■ EXERCISE INPUTS ■
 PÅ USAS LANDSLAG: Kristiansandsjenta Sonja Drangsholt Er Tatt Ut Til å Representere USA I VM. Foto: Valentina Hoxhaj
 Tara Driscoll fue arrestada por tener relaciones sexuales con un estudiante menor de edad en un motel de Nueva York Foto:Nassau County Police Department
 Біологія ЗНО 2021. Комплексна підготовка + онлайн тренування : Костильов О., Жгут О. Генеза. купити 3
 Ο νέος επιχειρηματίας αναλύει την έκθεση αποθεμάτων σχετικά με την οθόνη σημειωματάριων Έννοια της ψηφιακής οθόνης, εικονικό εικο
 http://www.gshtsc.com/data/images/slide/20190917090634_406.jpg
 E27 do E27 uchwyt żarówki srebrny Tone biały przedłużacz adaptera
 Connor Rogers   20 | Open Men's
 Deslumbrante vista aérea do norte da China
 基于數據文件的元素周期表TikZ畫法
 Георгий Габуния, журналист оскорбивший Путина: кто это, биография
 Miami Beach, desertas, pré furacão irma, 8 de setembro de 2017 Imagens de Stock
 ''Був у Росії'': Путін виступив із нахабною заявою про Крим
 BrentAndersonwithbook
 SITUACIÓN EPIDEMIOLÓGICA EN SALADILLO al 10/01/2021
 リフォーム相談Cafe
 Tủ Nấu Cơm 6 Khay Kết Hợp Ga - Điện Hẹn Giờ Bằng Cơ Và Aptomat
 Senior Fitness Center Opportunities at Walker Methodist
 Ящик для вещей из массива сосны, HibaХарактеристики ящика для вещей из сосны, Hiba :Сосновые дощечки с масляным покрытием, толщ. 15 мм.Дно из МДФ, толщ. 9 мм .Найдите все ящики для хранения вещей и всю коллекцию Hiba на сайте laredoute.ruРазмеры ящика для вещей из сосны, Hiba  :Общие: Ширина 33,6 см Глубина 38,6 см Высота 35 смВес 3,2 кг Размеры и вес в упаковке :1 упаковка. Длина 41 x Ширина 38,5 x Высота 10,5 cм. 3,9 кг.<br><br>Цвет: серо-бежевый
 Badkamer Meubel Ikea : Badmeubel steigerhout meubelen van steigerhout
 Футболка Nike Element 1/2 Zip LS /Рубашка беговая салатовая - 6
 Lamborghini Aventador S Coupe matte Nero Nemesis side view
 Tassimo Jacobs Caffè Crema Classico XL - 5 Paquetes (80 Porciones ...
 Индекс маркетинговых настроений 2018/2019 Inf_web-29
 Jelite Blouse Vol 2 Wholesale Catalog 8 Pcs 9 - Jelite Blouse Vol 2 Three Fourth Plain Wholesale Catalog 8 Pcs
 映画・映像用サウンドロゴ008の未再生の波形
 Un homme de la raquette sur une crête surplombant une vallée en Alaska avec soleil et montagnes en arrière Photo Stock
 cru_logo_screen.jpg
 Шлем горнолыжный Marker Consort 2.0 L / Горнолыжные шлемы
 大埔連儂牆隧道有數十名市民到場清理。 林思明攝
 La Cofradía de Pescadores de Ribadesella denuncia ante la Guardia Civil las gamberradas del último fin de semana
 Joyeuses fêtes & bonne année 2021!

■ AIM OF THE EXERCISE ■
Transcribe each line of the data above, unaltered, from the one where "基于數據文件的元素周期表TikZ畫法" appears to the one where "Tủ Nấu Cơm 6" appears, inclusive of both.

■ FINISHED EXERCISE ■
 基于數據文件的元素周期表TikZ畫法
 Георгий Габуния, журналист оскорбивший Путина: кто это, биография
 Miami Beach, desertas, pré furacão irma, 8 de setembro de 2017 Imagens de Stock
 ''Був у Росії'': Путін виступив із нахабною заявою про Крим
 BrentAndersonwithbook
 SITUACIÓN EPIDEMIOLÓGICA EN SALADILLO al 10/01/2021
 リフォーム相談Cafe
 Tủ Nấu Cơm 6 Khay Kết Hợp Ga - Điện Hẹn Giờ Bằng Cơ Và Aptomat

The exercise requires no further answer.